Problem is, Puig’s fame seems to be going to his head and he's been a headache for the Dodgers. It started at the end of last season and has continued. His numbers have almost tailed off simultaneously with his increasingly erratic behavior. He’s temperamental, immature and that hunger he showed last season seems to be waning a bit. He’s still a physical specimen with freakish skills and can turn a baseball game into a football atmosphere, but his act could wear thin if the Dodgers begin to slide.

Seriously though, Puig needs to take a chill pill and play ball.

 

Albert Pujols is approaching 500 homers, 1500 runs and 1500 RBI’s, but does anybody care?

Before Miguel Cabrera grabbed the No. 1 spot, and before Pujols left St. Louis heart-broken, making the mad dash for cash in Hollywood, Pujols was baseball’s Ben Diamond. His bat was nutty and unpredictably lethal. The two-time WS champ has cooled off a bit since coming to Hollywood and signing a record 10-year, $242 million contract in 2012, but the three-time MVP is coming up on the 500-homer, 1,500 RBI-mark and doing interior decorating for his HOF lodgings once he retires.

Let’s hope the PED Police don’t lock him up before he can get to Cooperstown.
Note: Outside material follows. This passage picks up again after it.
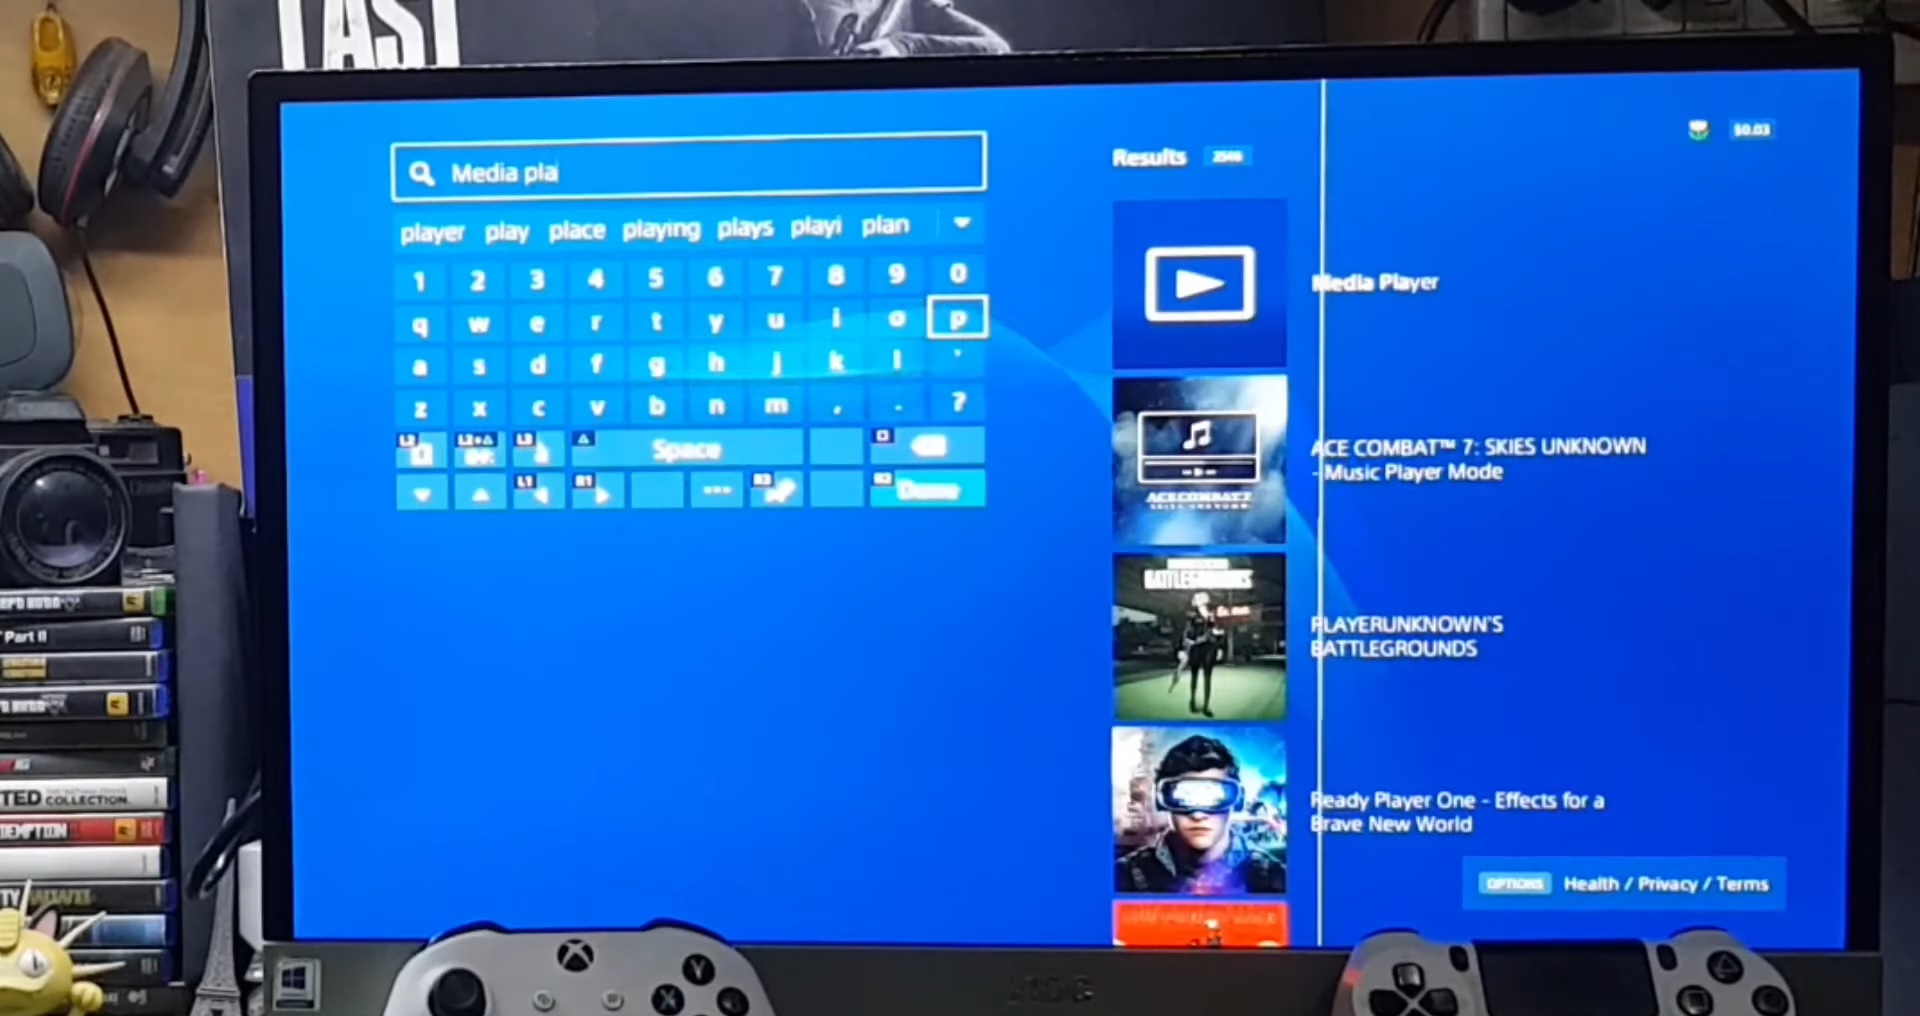 On-screen keyboard PS Store search

It would serve Pujols well to average more than the 24 home runs, 84 RBI and .275 batting he's feebly flexed during his two injury-plagued seasons with the Angels. But how much better can he get at 34-years-old?

Is Bryce Harper more Mickey Mantle or Eric Davis?

In my piece, “Bryce Harper Is In The RG3 Zone,” I spoke of the phenom’s injury-plagued rise and wondered if he would ever reach his potential because he seems to be injury-prone. Harper had surgery back in October to repair the bursa in his left knee. He worked on building mass during the offseason in hopes of staying injury-free. Just as the season began, Harper got a clean bill of health and talk of him winning an MVP picked up steam across media chatter-lines. Then on Opening Day I see son take a knee to the head trying to break up a DP at second base and he had to leave the game for a minute. The last thing the big homie needs is another concussion. He’s already caught a couple of those crashing into outfield walls. As great a ball player as he is, if these things keep happening to young Bryce, I’m going to start questioning his baseball I.Q., his luck and his chance to fulfill the hype of being a once in a generation talent.